Emotion is intrinsically linked to successful marketing, tapping into that emotion and attaching that emotion and sentiment to your brand can increase interaction, brand loyalty and profits through purchase.  Sentiment analysis is something which marketers do to measure the effect and impact that their marketing and brand is having on their audience. All marketing we encounter, whether you are conscious of it or not, will derive either a positive, neutral or negative reaction from you.  

 

In a digital era, the way in which we interact with brands has changed dramatically, not only in the purchasing act but the whole buying journey.  We also have deeper, more emotional and longer lasting relationships with brands than we did even 20 years ago. Social media alone means that we’re able to communicate with brands in a way we never could before and as brands, this presents such opportunity to read these emotions and gain a sense of where the customer currently stands in terms of positivity or negativity.

 

Sentiment analysis can also be referred to as social listening.  Keeping your ear firmly to the ground and collecting the data you need, to know where your brand is headed and how it is being perceived, allows you to course correct as you go.  If you can see that your latest marketing campaign is gaining too much negative response, you’re in a position to notice this and make the necessary changes.

 

The social media scheduling tool which you currently use will likely have some form of social listening or sentiment analysis in their analytics section, tools such as SproutSocial and Hootsuite.  However, there are other tools which can dive deeper into the analysis such as, Social Mention and QuickSearch.  

Sentiment Analysis

How should you be utilising the data you collect from your sentiment analysis once you’ve figured out how to access it?

 

Ultimately it means that you can identify what you’re doing right and what you’re doing wrong; at the very least, if you’re doing something right.

 

Tweak marketing campaigns

The brand overall, or even the campaign, might not be a problem, just the wording of your message. You might run two similar campaigns at the same time and find that one performs the other, from this feedback you can build other, more successful campaigns.

 

Research competition

Add another level to your competitor research and analysis, learn from where they are gaining favour, what are they doing which is getting negative responses.

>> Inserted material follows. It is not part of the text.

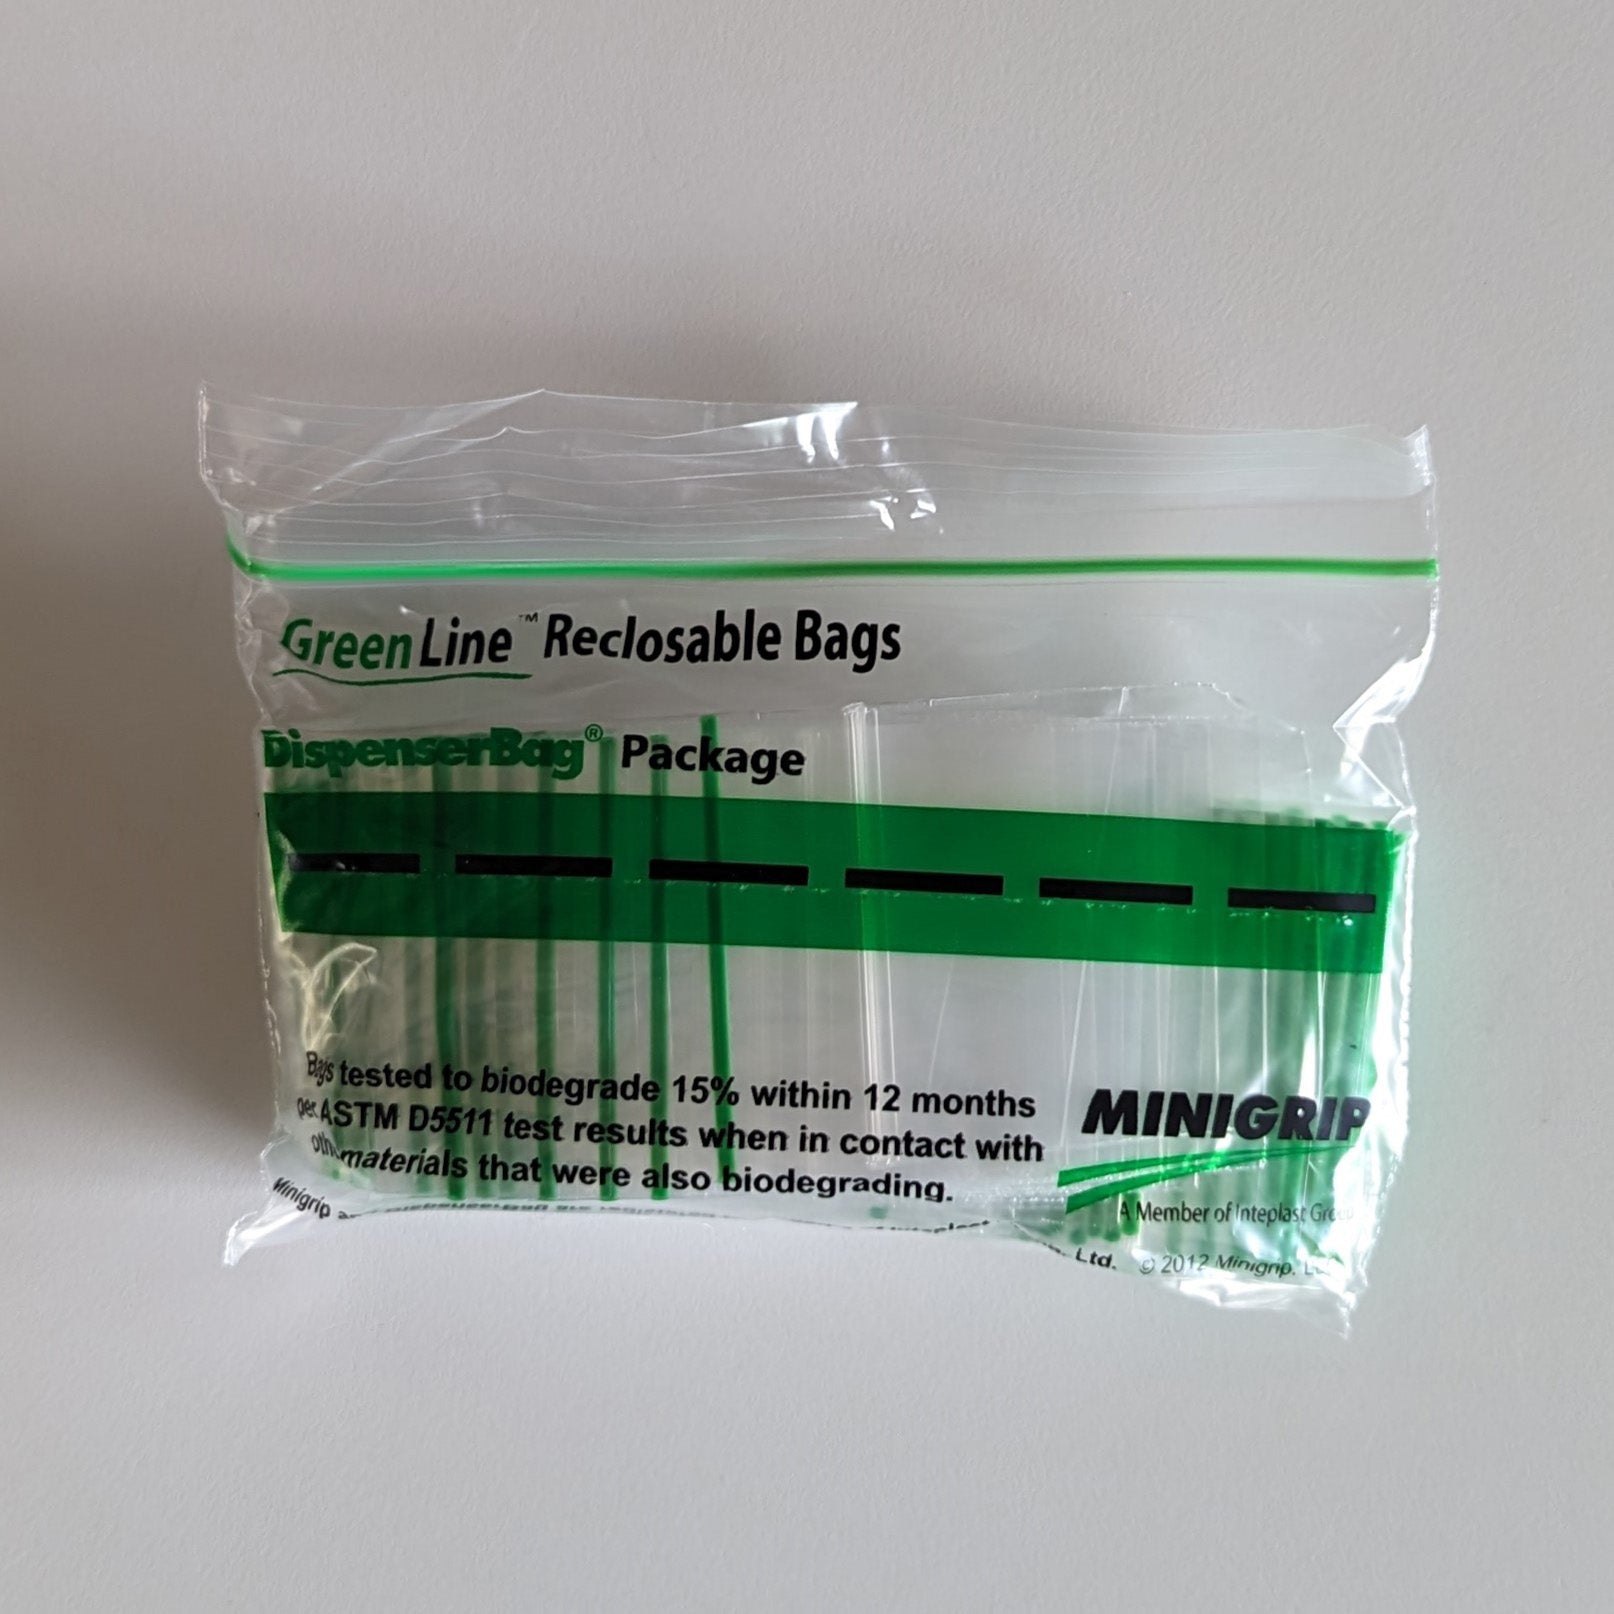 Biodegradable bag - Wikipedia

With specified sentiment analysis tools you will even be able to pull up a comparison between you and your competition.

 

Personal Touch

Social media is by far the most prominent part of sentiment analysis, however, it also gives us the means to communicate more personally with customers.  By picking up on negative mentions and comments with sentiment analysis and social listening tools it means we can reach out to those members of our audience showing negative responses and aim to convert.